The stringify method takes as its single argument a recognizer object and converts it into a string. It returns a reference to the string. The string is created using Data::Dumper. On failure, stringify throws an exception.

unstringify

    $recce = Marpa::Recognizer::unstringify( $stringified_recce, $trace_fh );

    $recce = Marpa::Recognizer::unstringify($stringified_recce);

The unstringify static method takes a reference to a stringified recognizer as its first argument. Its second, optional, argument is a file handle. The file handle argument will be used both as the unstringified recognizer's trace file handle, and for any trace messages produced by unstringify itself. unstringify returns the unstringified recognizer object unless it throws an exception.

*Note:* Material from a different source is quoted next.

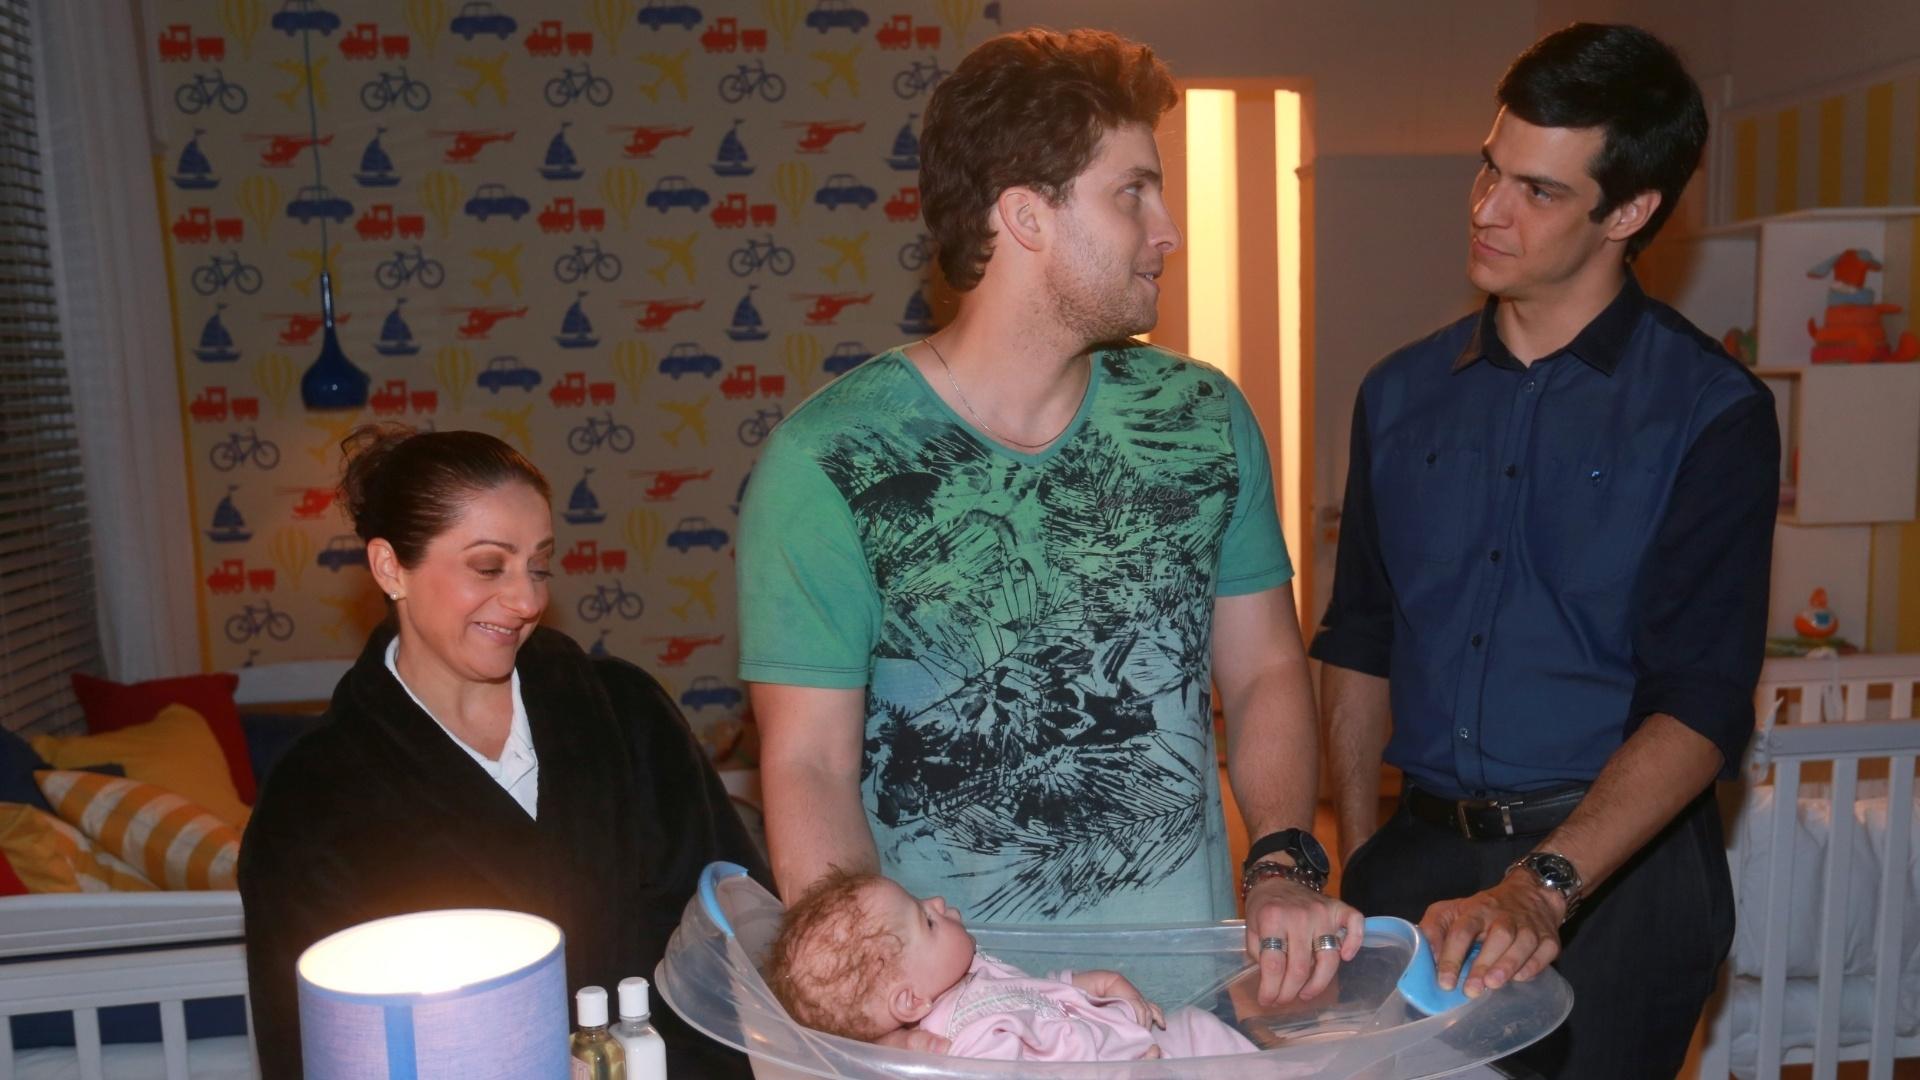 7.jan.2014 - Josie Antello, Thiago Fragoso e Mateus Solano ensaiam cena de banho em boneco que representa o bebê Fabrício, de

If the trace file handle argument is omitted, it defaults to STDERR and the unstringified recognizer's trace file handle reverts to the default for a new recognizer, which is also STDERR. The trace file handle argument is necessary because in the course of stringifying, the recognizer's original trace file handle may have been lost.

clone

    my $cloned_recce = $recce->clone();

The clone method creates a useable copy of a recognizer object. It returns a successfully cloned recognizer object, or throws an exception.

SUPPORT

See the support section in the main module.

AUTHOR

Jeffrey Kegler

LICENSE AND COPYRIGHT

Copyright 2007 - 2009 Jeffrey Kegler

This program is free software; you can redistribute it and/or modify it under the same terms as Perl 5.10.0.